ですが、詐欺グループはお金を消すプロです。
- 集めた瞬間に、複数の口座を経由して分散・出金される
- 暗号資産や海外口座に移され、追跡が極めて困難になる
- 会社名・サービス名を変え、実体を意図的に消す
- 名義は他人(だまされた出し子)で、本人にたどり着けない
つまり、あなたのお金は、戻すための仕組みごと壊された状態になっています。
「取り返す」前提で動くほど、深追いして傷を広げてしまうのです。
詐欺のタイプ別|お金が戻る可能性
ひとくちに詐欺といっても、種類によって”戻る可能性”はまったく違います。
あくまで私の経験則ですが、目安をお伝えします。
- SNS型投資詐欺(海外・暗号資産)……回収はほぼ絶望的。

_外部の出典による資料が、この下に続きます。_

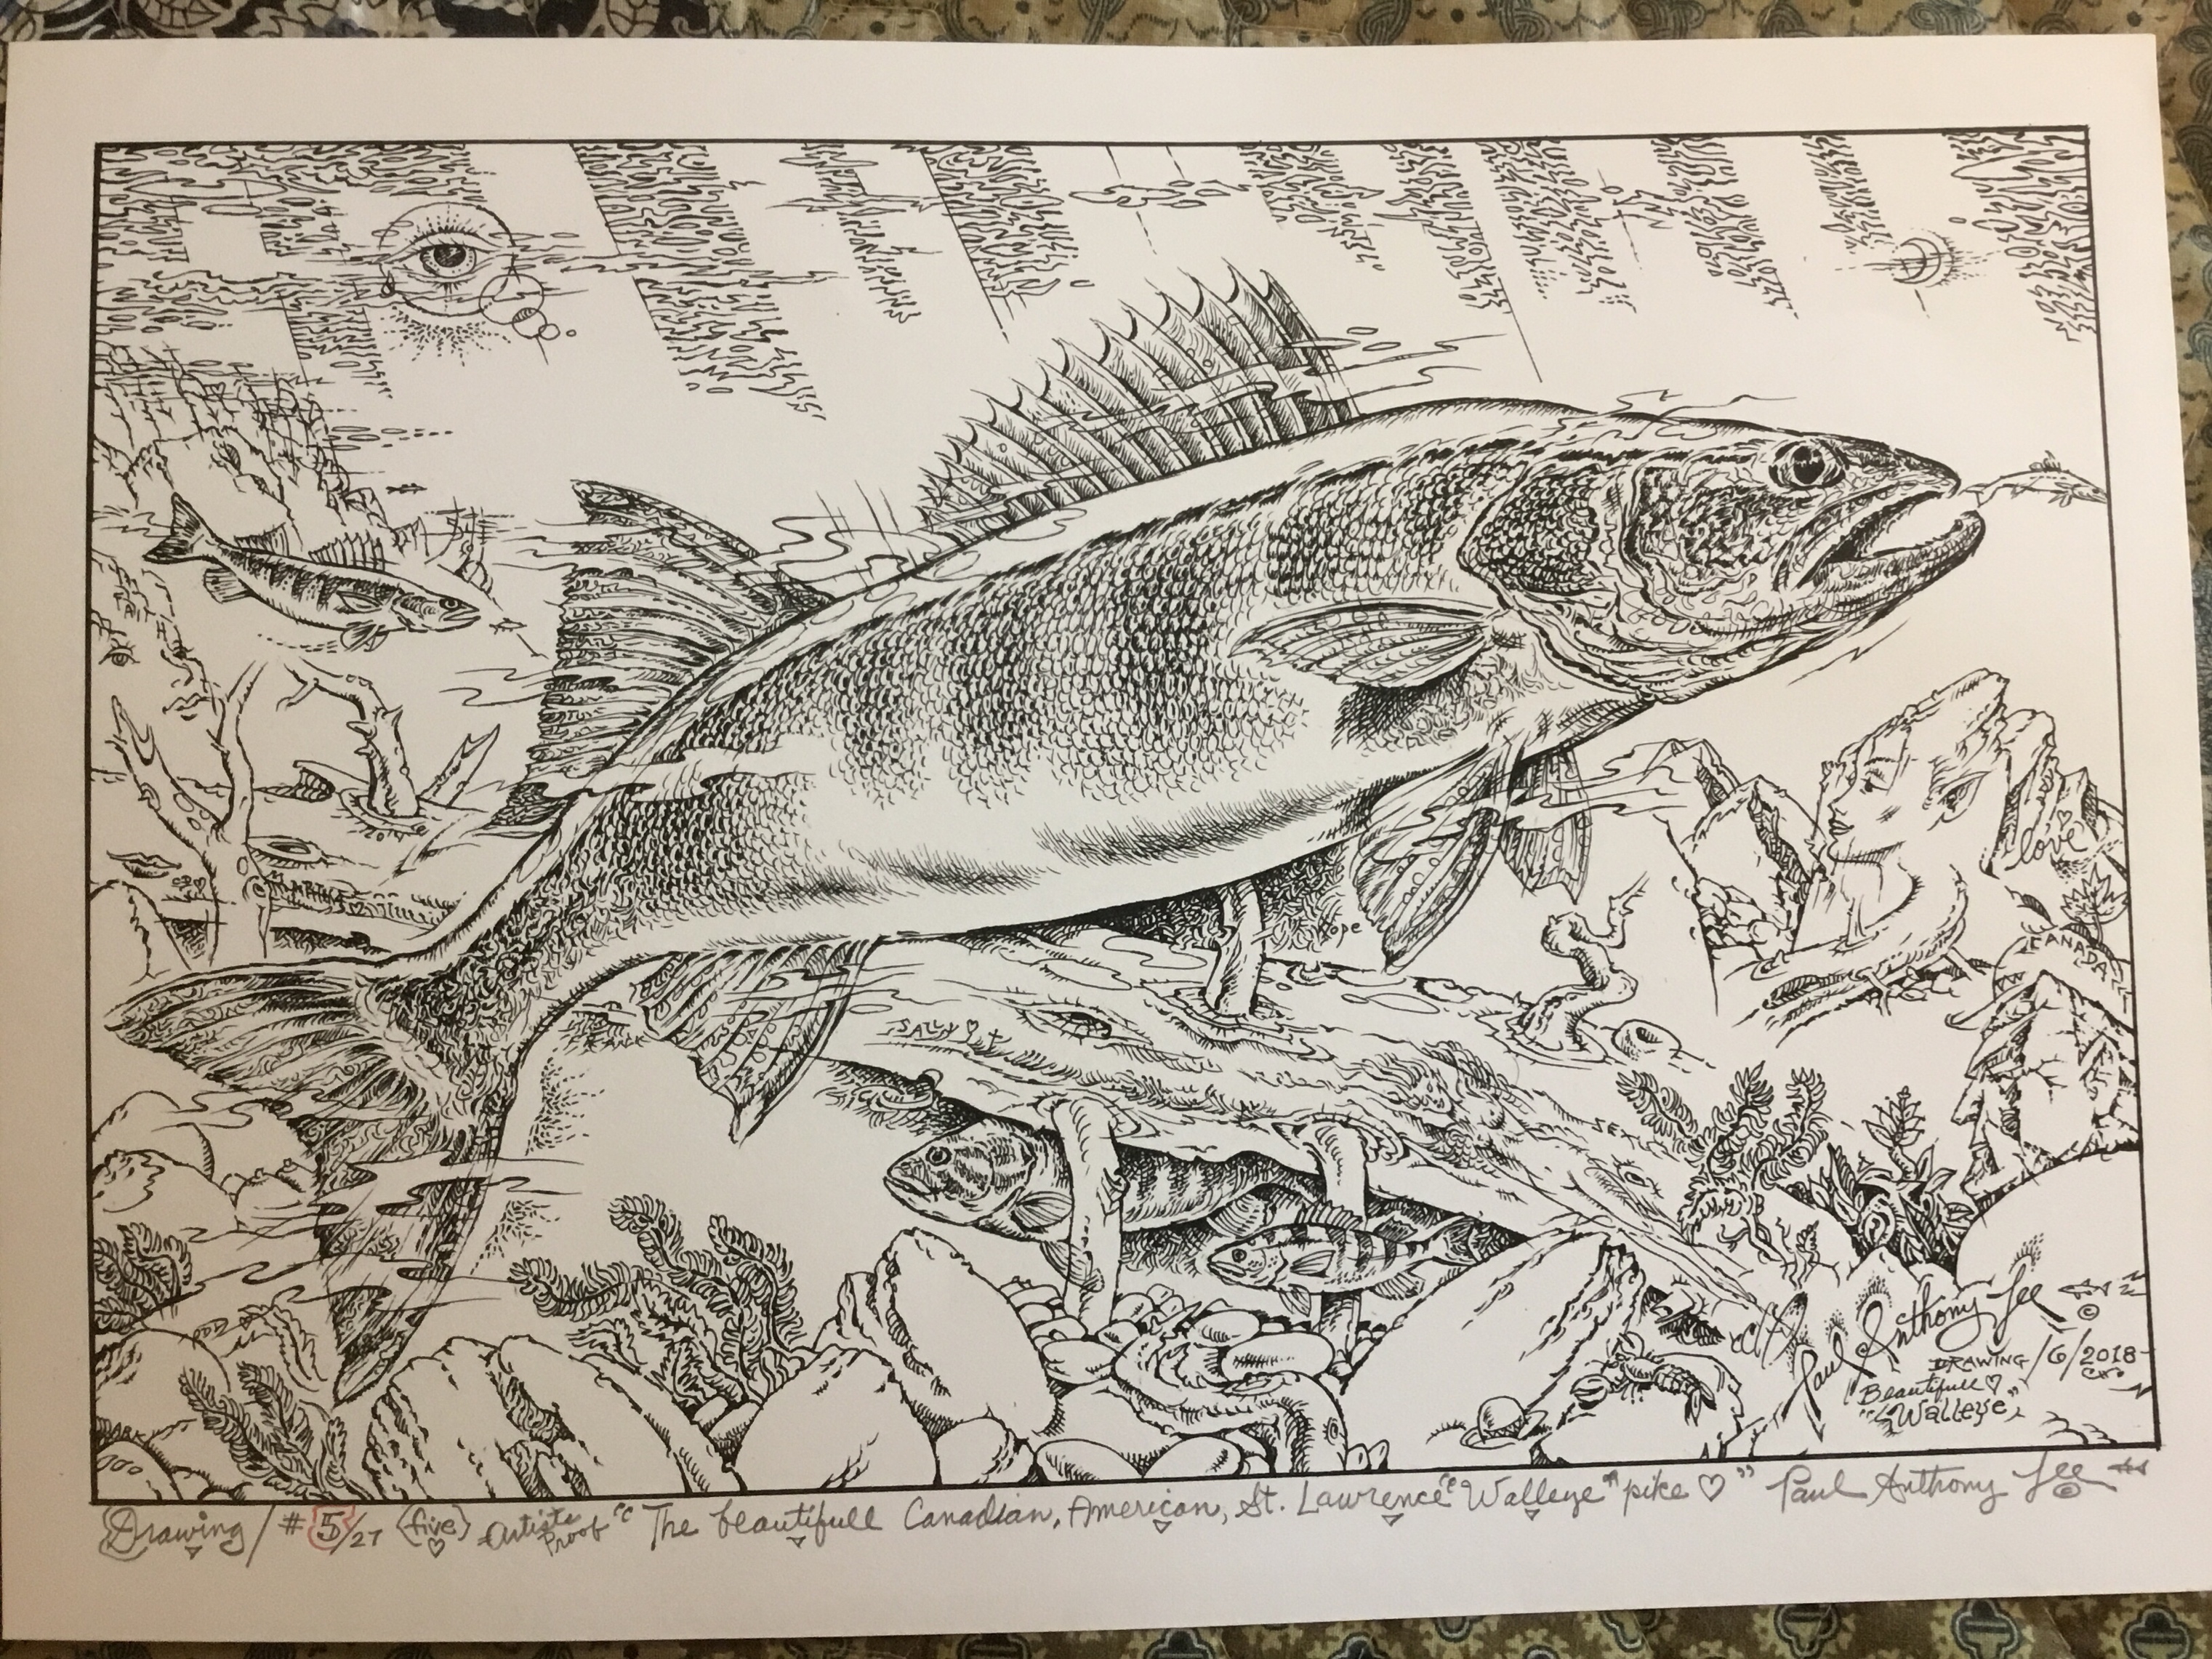 Walleye Drawing - Classifieds - Buy, Sell, Trade or Rent - Lake Ontario  United - Lake Ontario's Largest Fishing & Hunting Community - New York and  Ontario Canada

相手が匿名・海外で追跡困難
- 国際ロマンス詐欺……同上。送金先が海外・暗号資産で、たどり着けない
- 未公開株・ファンド型……運営に資産が残っていれば、一部戻ることも
- 国内の悪質商法(実在企業)……行政処分・返金交渉で、一部戻る可能性あり
- クレジット決済の直後……チャージバックで支払いを止められる可能性
共通して言えるのは、
「相手が匿名・海外・無資産」なら、まず戻らないということ。
自分のケースがどれに近いかを、まず冷静に見極めてください。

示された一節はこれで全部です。